Saurabh Shintre, CEO and Founder PhD in Electrical and Computer Engineering from Carnegie Mellon University. B.Tech from IIT Bombay. 7+ years as Principal/Sr. Principal Researcher at Symantec (2016-2021) and Principal Threat Scientist at Splunk (2021-2023). 10+ patents, 2,000+ citations in AI security, adversarial ML, and cryptography. Published at USENIX Security, AsiaCCS, and IEEE TDSC. RSA Conference AI/ML track program committee member (2018-2023). Featured on CNBC and in Washington Post. Named Future Leader at the Science and Technology in Society Forum in Kyoto. [Confirmed, third-party: Google Scholar, DBLP, RSA Conference]

Akash Mukherjee, Cofounder and Head of Engineering Security Leader for AI/ML at Apple (2023-2024), where he worked on Private Cloud Compute (PCC). Tech Lead for software security at Google (2020-2023), where he co-developed SLSA (Supply-chain Levels for Software Artifacts). Previously at Proofpoint and Credit Karma. Best-selling cybersecurity author (The Complete Guide to Defense in Depth, Packt). Also serves as advisor to Tola Capital. USC, IIT BHU. [Confirmed, third-party: LinkedIn, Packt]

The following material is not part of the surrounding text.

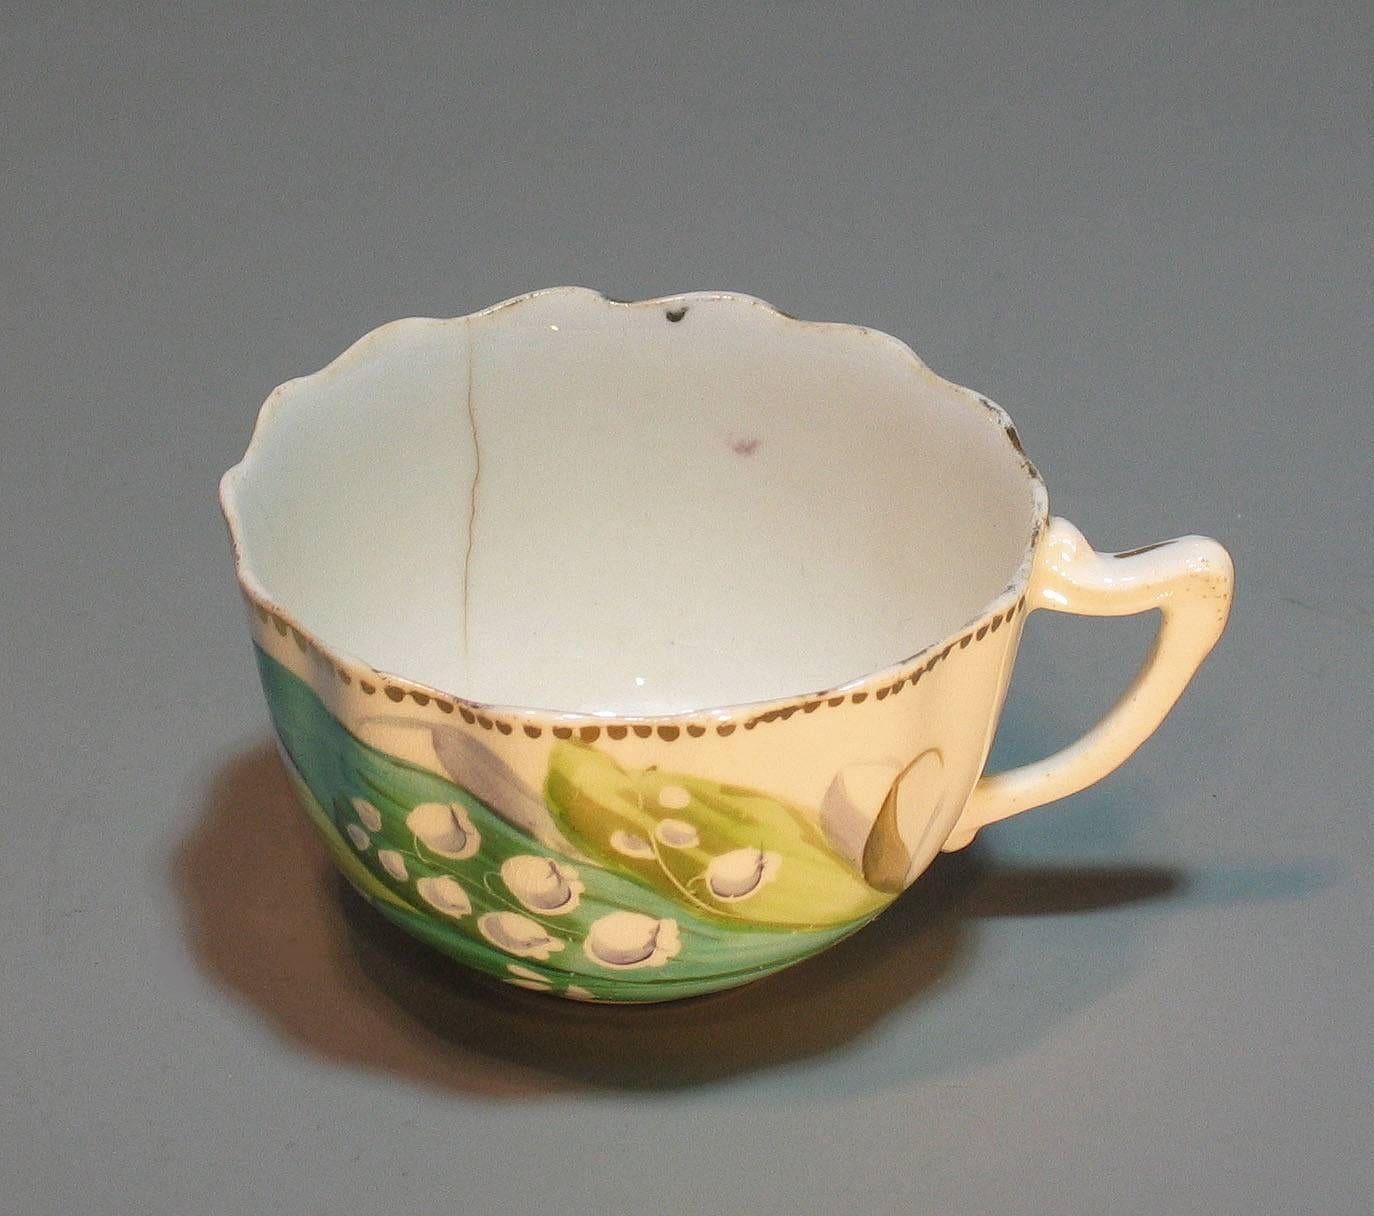 Staffordshire Porcelain Part Tea and Dessert Service, First Half of 19th Century 2
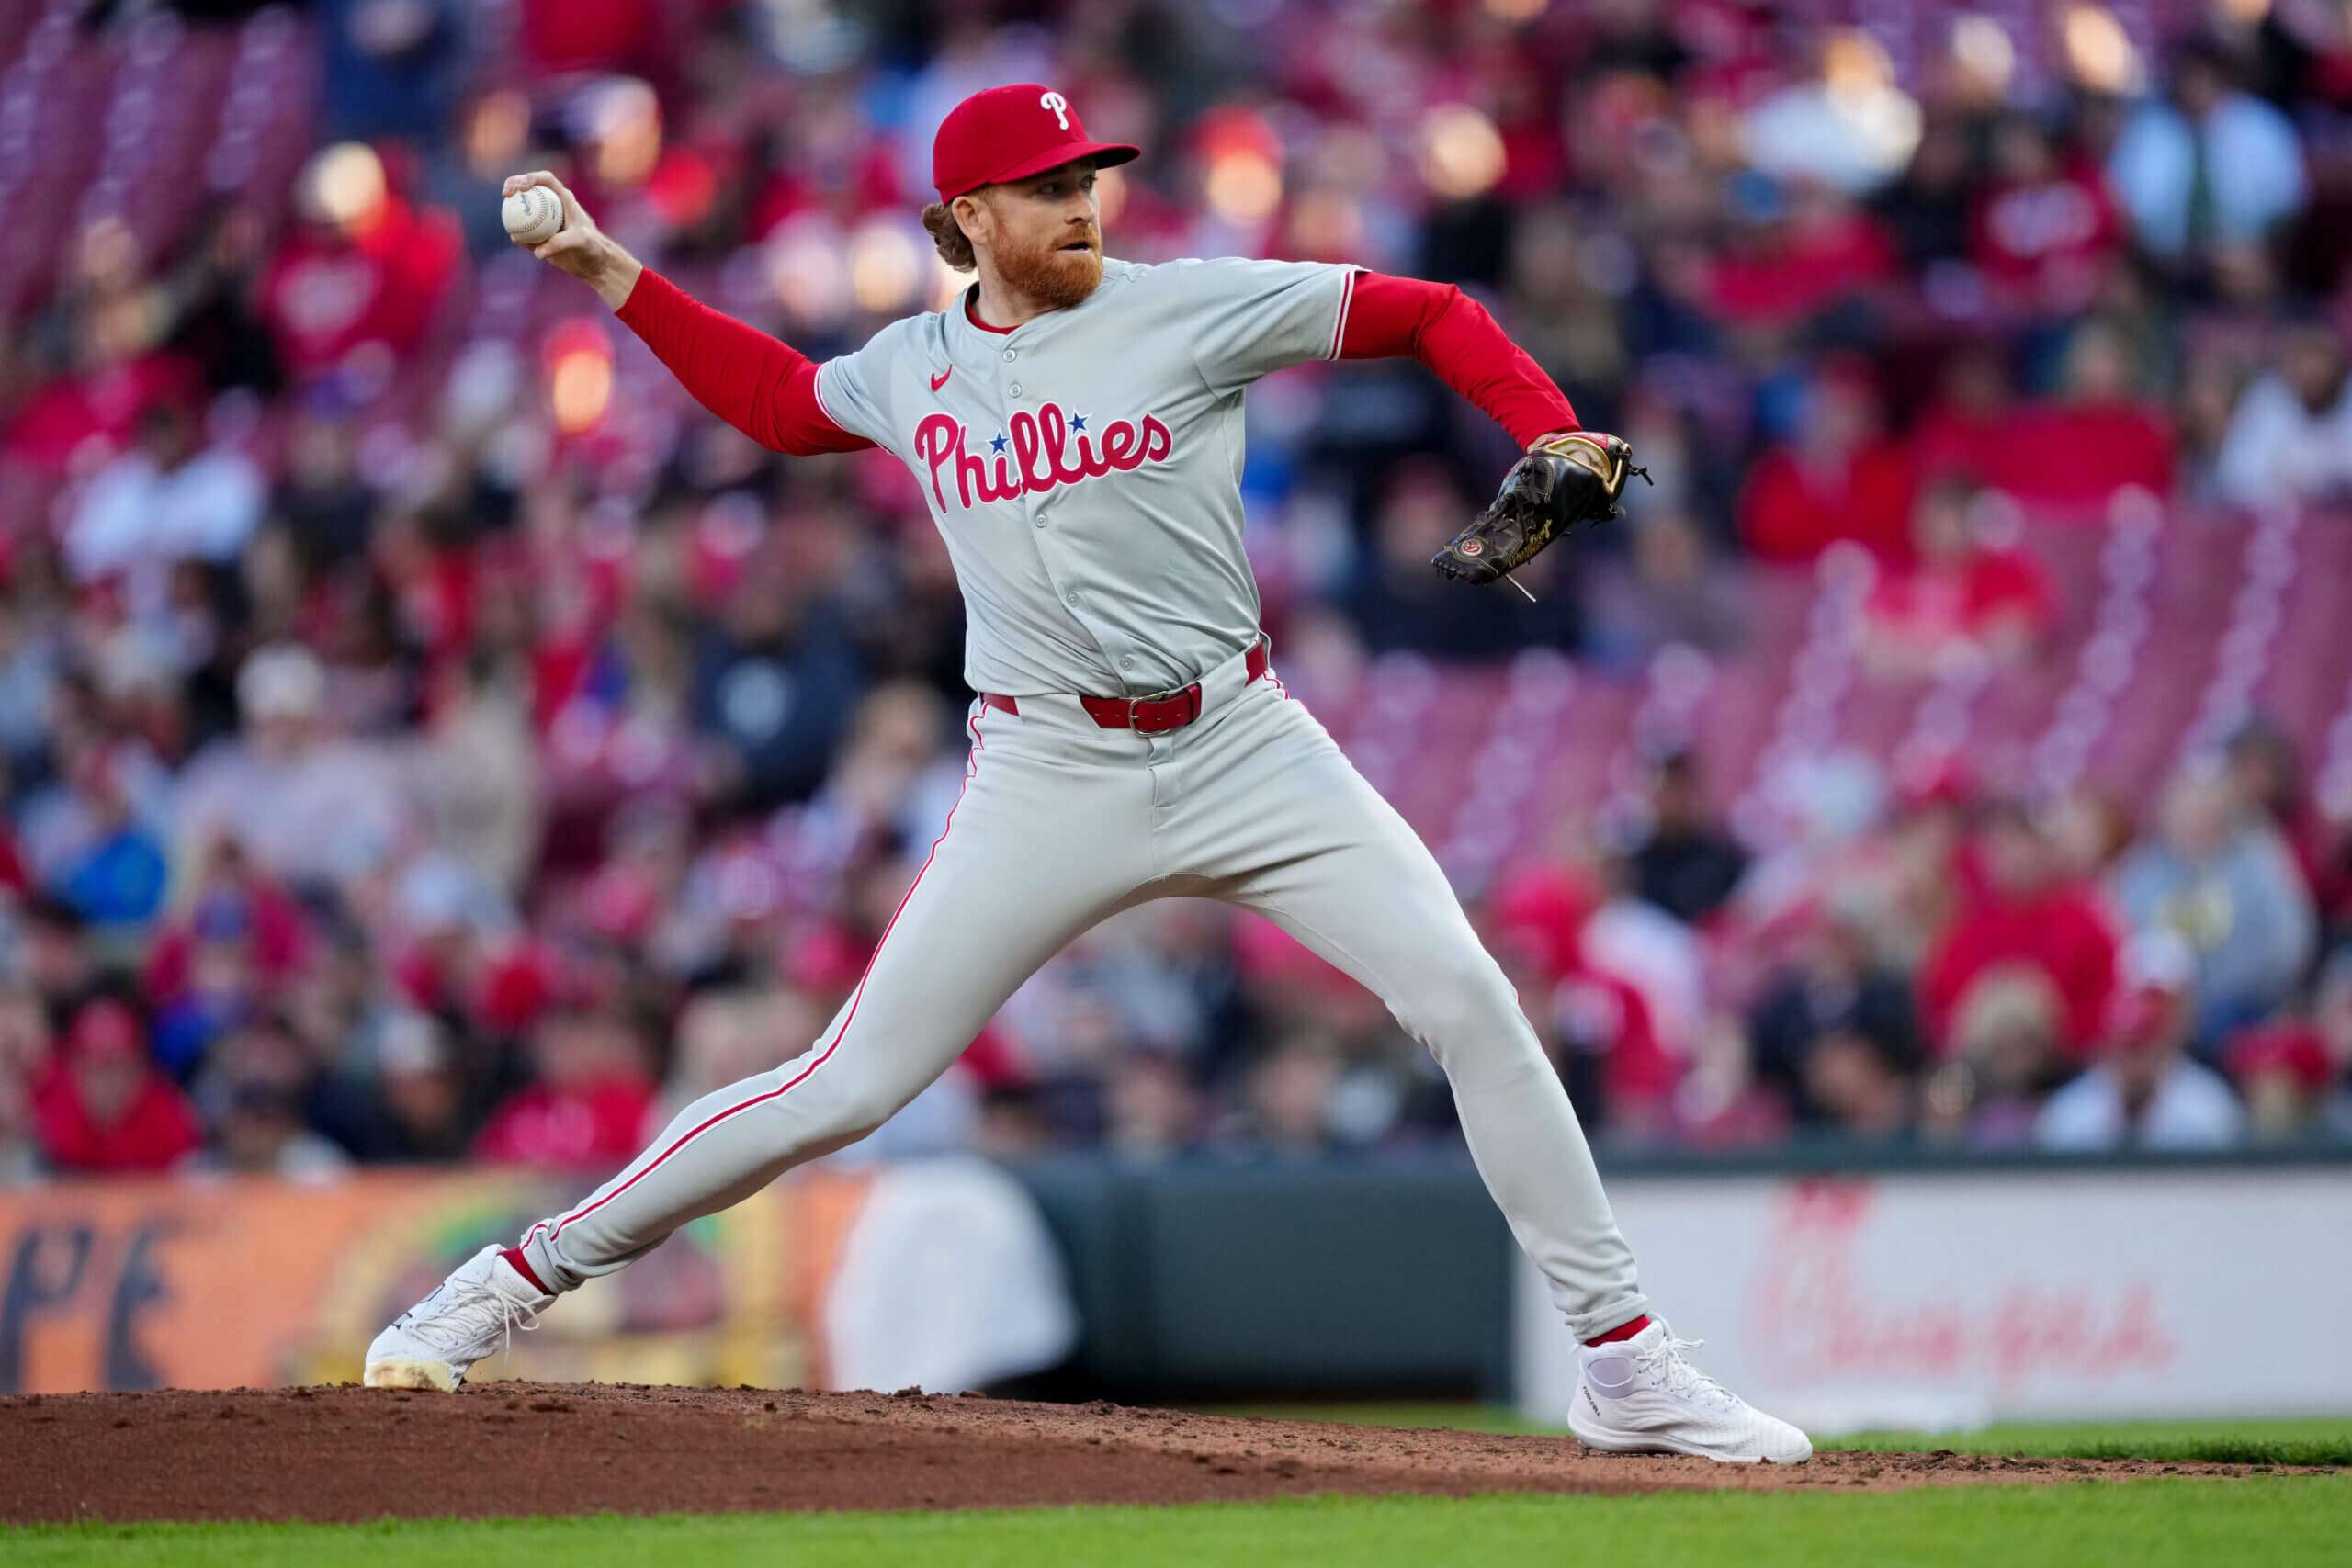 Spencer Turnbull and his 1.33 ERA are likely headed to Phillies bullpen

Piotr Mardziel, Head of AI PhD in Computer Science from University of Maryland (2008-2014). Post-doc and Systems Scientist at Carnegie Mellon University (2015-2020). Software Engineer at TruEra (2021-2024), an AI observability company later acquired by Snowflake. 16+ years of research experience in trustworthy ML and AI interpretability. [Confirmed, third-party: LinkedIn, CMU]

Saahil Agrawal, Founding ML Engineer AI/ML Lead at Abnormal AI and Walmart. Stanford University, IIT Madras. [Confirmed, company website]

Freyam Mehta, Founding Engineer AI/ML security researcher at AI Vulnerability Database (AVID). Published at CHI ‘24 on bias in GenAI systems. Previously at Oracle (cloud security). IIIT Hyderabad. [Confirmed, third-party: LinkedIn]

Nina Wei, Founding Designer Founding designer at Lamini, AI Fund, and Baidu Research. University of Washington. [Confirmed, company website]

Advisors:

The advisory board is strong. Jason Clinton’s Anthropic CISO role directly connects to the Anthropic customer relationship. Paul Kocher is a cryptography legend. Nicole Perlroth brings media credibility and investor alignment. [Inferred]

Trust Readiness

RSAC Judging Criteria

RSAC does not publish an official judging rubric. The five criteria below are extrapolated from press descriptions of what judges evaluate: the problem a company addresses, the originality of its technology, its go-to-market strategy and team, market validation, and product demonstration.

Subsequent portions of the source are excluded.